Я встал из-за стола. Мойше-Цви, когда я проходил мимо, вручил мне пластмассовую миску из-под хлопьев. Я вышел, допивая сладковатое молоко. Выбросил миску в урну у входа, надел свою черную шляпу.
Когда я иду погулять, то всегда стараюсь надеть пиджак и шляпу. Чтобы выглядеть солидно и почтенно. «Респектабельно», как говорит мой папа.
Лето еще не кончилось, на улице пахло скошенной травой. Вдалеке жужжала косилка. Деревья, растущие вдоль улицы, покачивались под приятным ветерком.
Обычно я хожу медленно, задумавшись. Не обращаю внимания, ни где нахожусь, ни куда направляюсь. Но сегодня я двигался целеустремленно, систематично осматривал все перекрестки, бросал хотя бы один взгляд на каждую улицу.
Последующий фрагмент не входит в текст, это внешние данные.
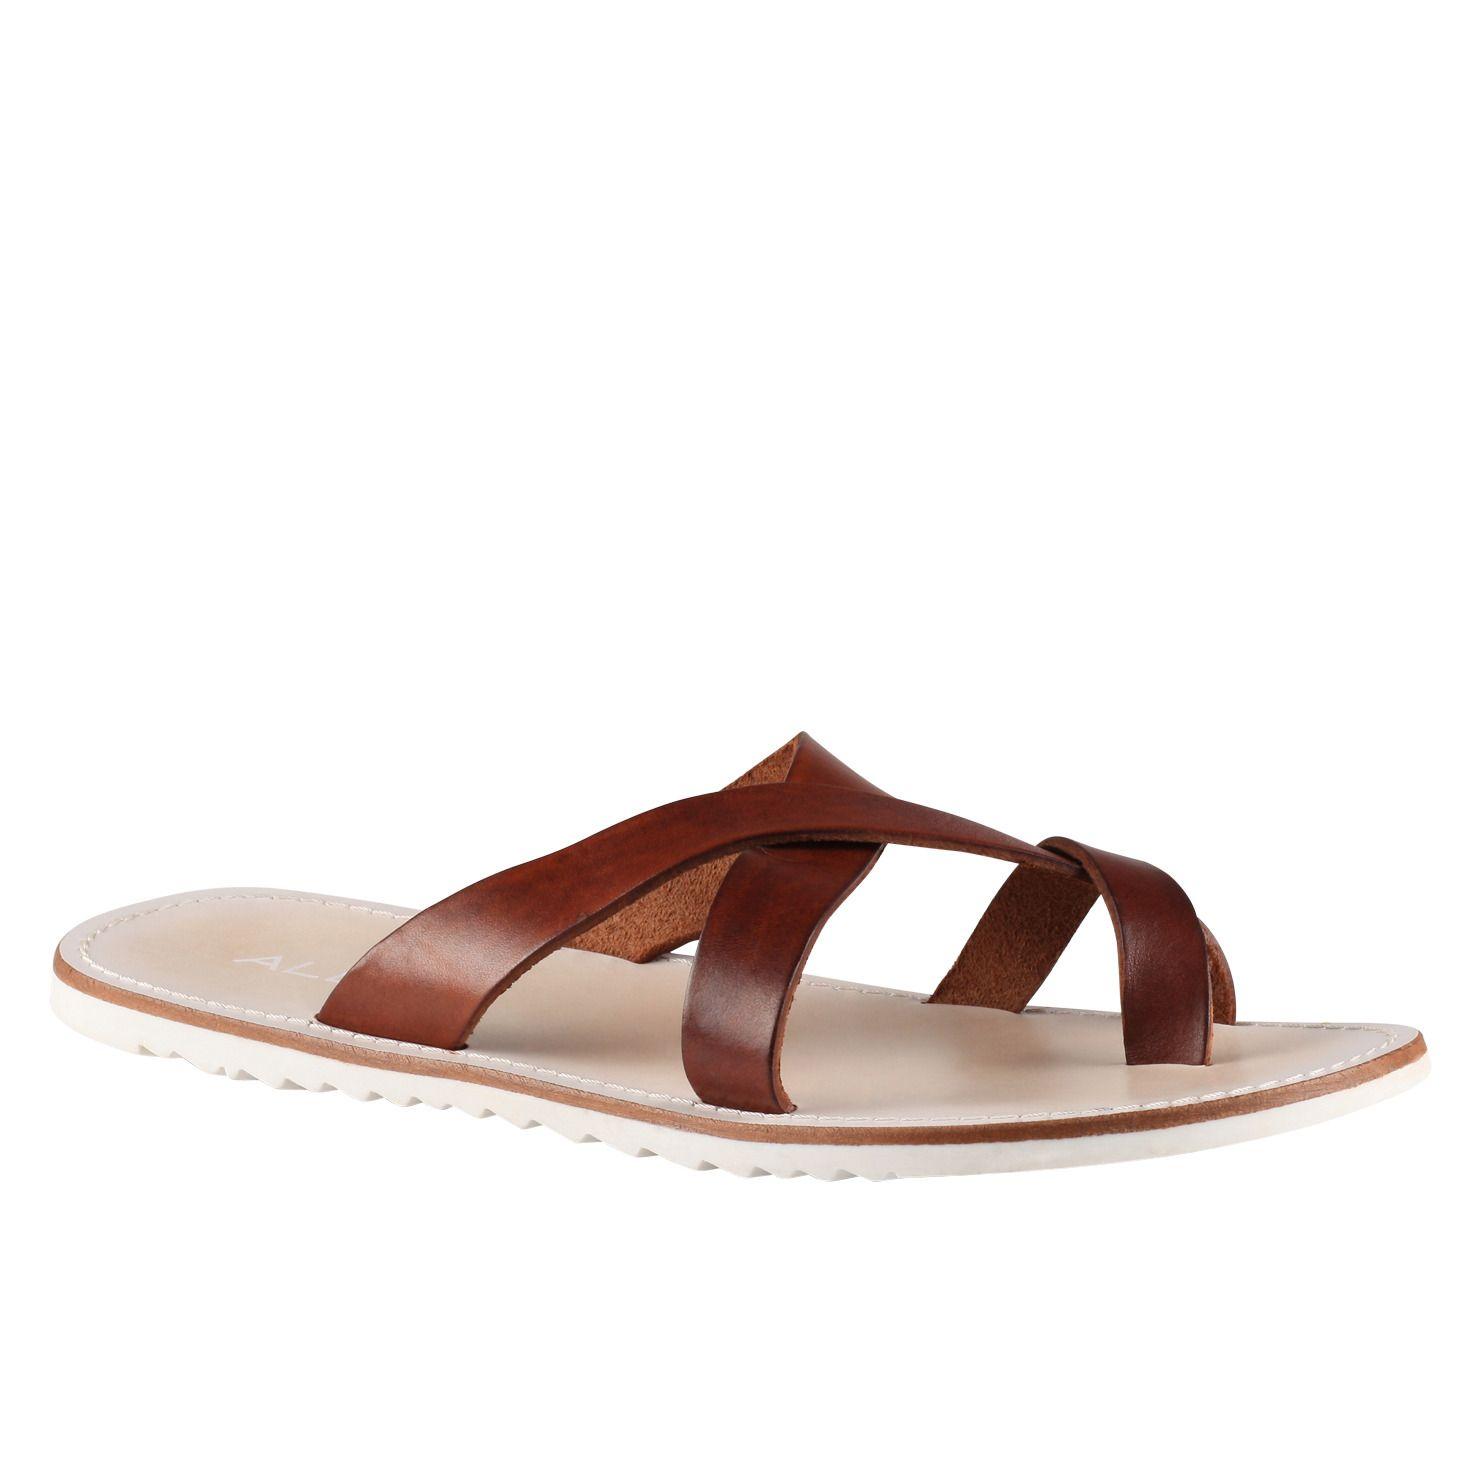 leather sandals, Mens fashion shoes

Увидел я ее на Целлан. Она дергала за поводок, тащила за собой собачку, но та учуяла что-то интересное у ствола дерева и рыла землю, согнув лапы, сопротивляясь.
Я медленно двинулся к девушке, с каждым шагом нервничая все сильнее. Я ни разу еще не говорил ни с одной из живущих по соседству девушек. Студентам иешивы[10] не разрешается говорить с девушками, а уж тем более с девушками в такой одежде. Я, собственно, и не хотел с ней говорить. Но что-то меня заставляло. Меня к ней тянуло, как будто я попал в какой-то намагниченный луч из научной фантастики.
Нынче Ту бе-ав. Она в белом. Может, именно этого от меня и хочет Бог.
Она занималась собакой и не заметила, как я подошел. Я попытался придумать умную фразу, чтобы начать разговор.
– Э-э… – сказал я.
Взвесив множество равнозначных вариантов, я решил, что «э-э» подходит лучше всего.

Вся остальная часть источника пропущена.